- Malaysia is poised to criminalize physical, digital and other forms of stalking after the lower house of its parliament unanimously passed a landmark anti-stalking bill on Monday.
- The legislation was tabled by Deputy Law Minister Mas Ermieyati Samsudin, who vowed that “those who are vulnerable and in need of better protections will get them.”
- Under the bill, convicted offenders will face a maximum of three years imprisonment, a hefty fine or both, depending on the circumstances.
- So far, other Asian countries that have introduced laws against stalking include India, Japan, the Philippines and Singapore.
- The bill is expected to become law after passing through a committee and the upper house of Malaysia's parliament.
Malaysia became the latest Asian country to make progress against stalking on Monday after its Dewan Rakyat, the lower house of the country’s parliament, unanimously passed a landmark anti-stalking bill.
The legislation, tabled by Deputy Law Minister Mas Ermieyati Samsudin, seeks to penalize physical, digital and other forms of stalking with a maximum imprisonment of three years, a hefty fine or both, depending on the circumstances.
The bill would amend the country’s penal code by introducing a new sub-section, 507A, which defines the crime of stalking.
“Whoever repeatedly by any act of harassment, intending to cause, or knowing or ought to know that the act is likely to cause distress, fear or alarm to any person of the person’s safety, commits an offence of stalking,” the proposed subsection reads.
Samsudin reportedly cited data from a study conducted by the Women’s Aid Organization (WAO) — a Malaysian NGO — which revealed that 36% of Malaysians felt scared after experiencing stalking.
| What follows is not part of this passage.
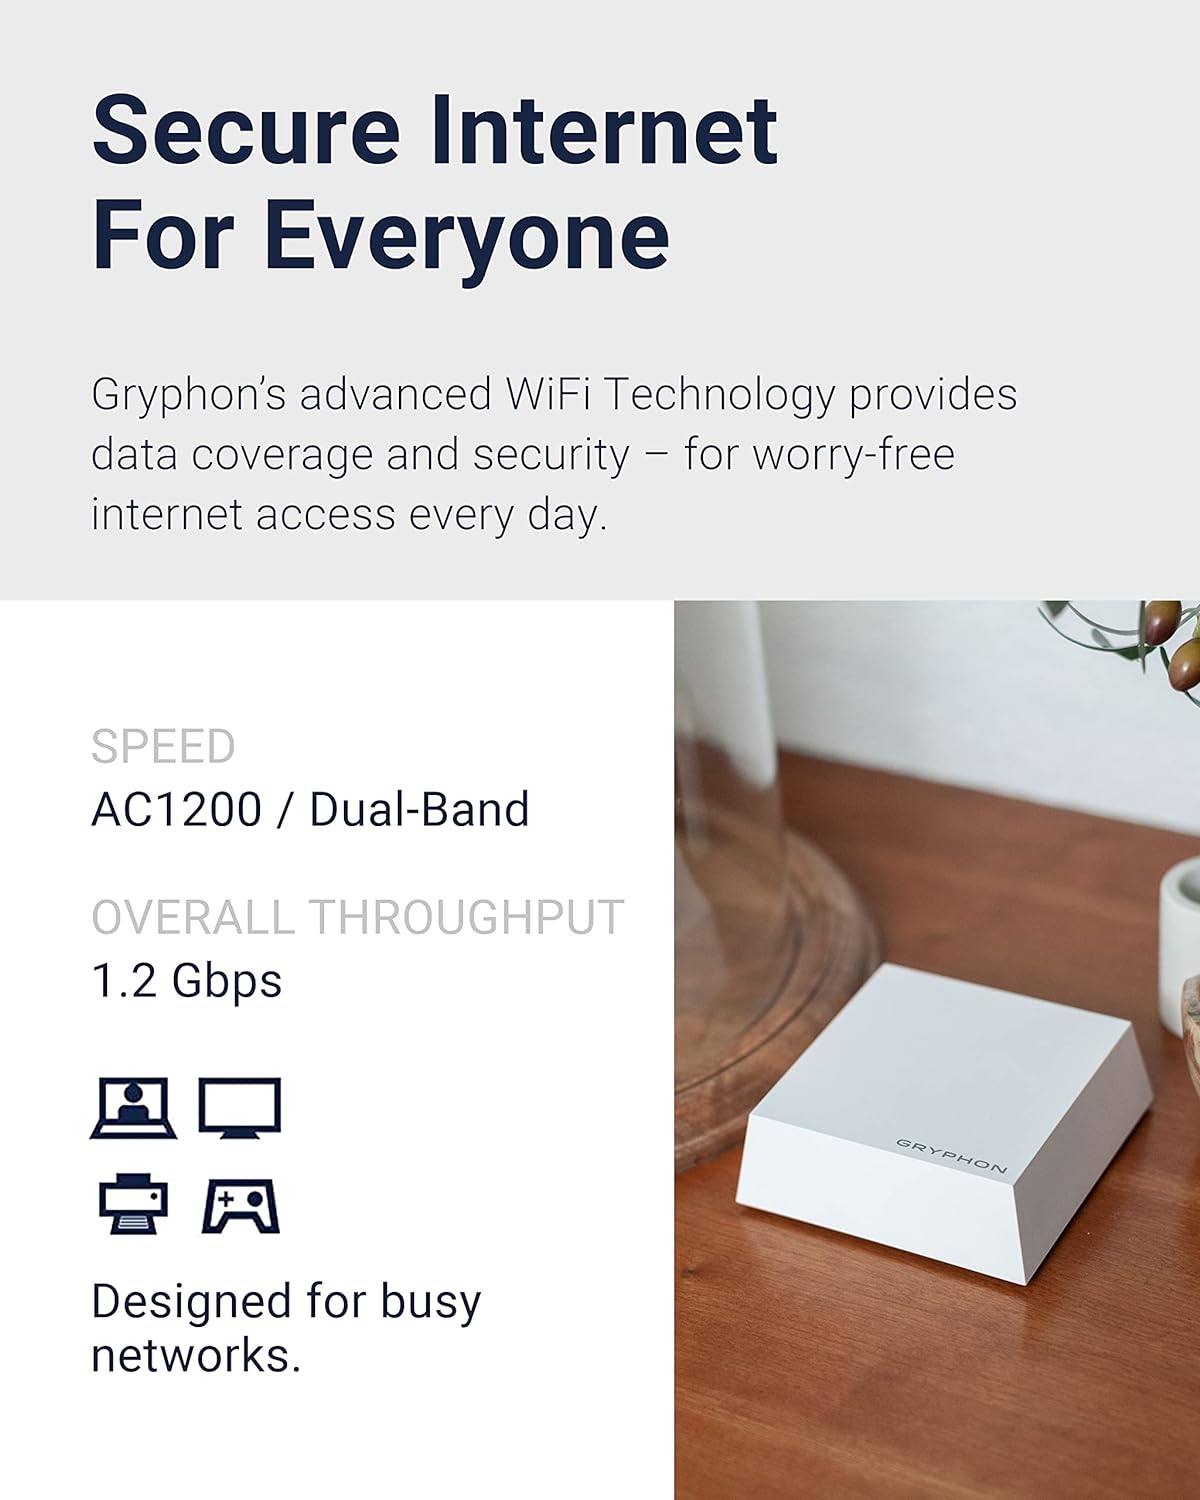 GRYPHON GUARDIAN Advance Security & Parental Control Mesh WiFi Router upto 5000sqft Dual-Band, Hack Protection w/AI-Intrusion Detection & ESET Malware Protection, AC1200 Smart Mesh Wireless System-3PK

Another 17% suffered physical injuries, while 12% received threats.
“According to 69% of Malaysians, stalking is a crime,” Samsudin said, according to Coconuts Kuala Lumpur. “The research also found that stalking and harassment have negative effects towards the victim’s life in terms of economic, social, recreational, and matters of childcare.”
In April 2021, a 31-year-old woman from Ipoh was fatally stabbed by her boyfriend in front of her two sons, aged 6 and 8. Prior to the grim incident, she had lodged several police reports against the suspect, but he was only arrested once for trespassing, as per Vice World News.
With the passage of the bill, Malaysia joins a group of Asia-Pacific countries that have introduced laws against stalking. These include India, Japan, the Philippines and Singapore, among others.
“I’m sure from now on [that] those who are vulnerable and in need of better protections will get them, and I want to thank all of those who offered their input,” Samsudin told the Dewan Rakyat. “There are many incidents where the perpetrator got away with it but with this amendment, we can prevent that.”
The bill is expected to become law after passing through a committee and the Dewan Negara, the upper house of Malaysia’s parliament. However, there are still some concerns to be addressed, such as broadening the definition of stalking to include doxxing, property damage and spying, Mashable noted.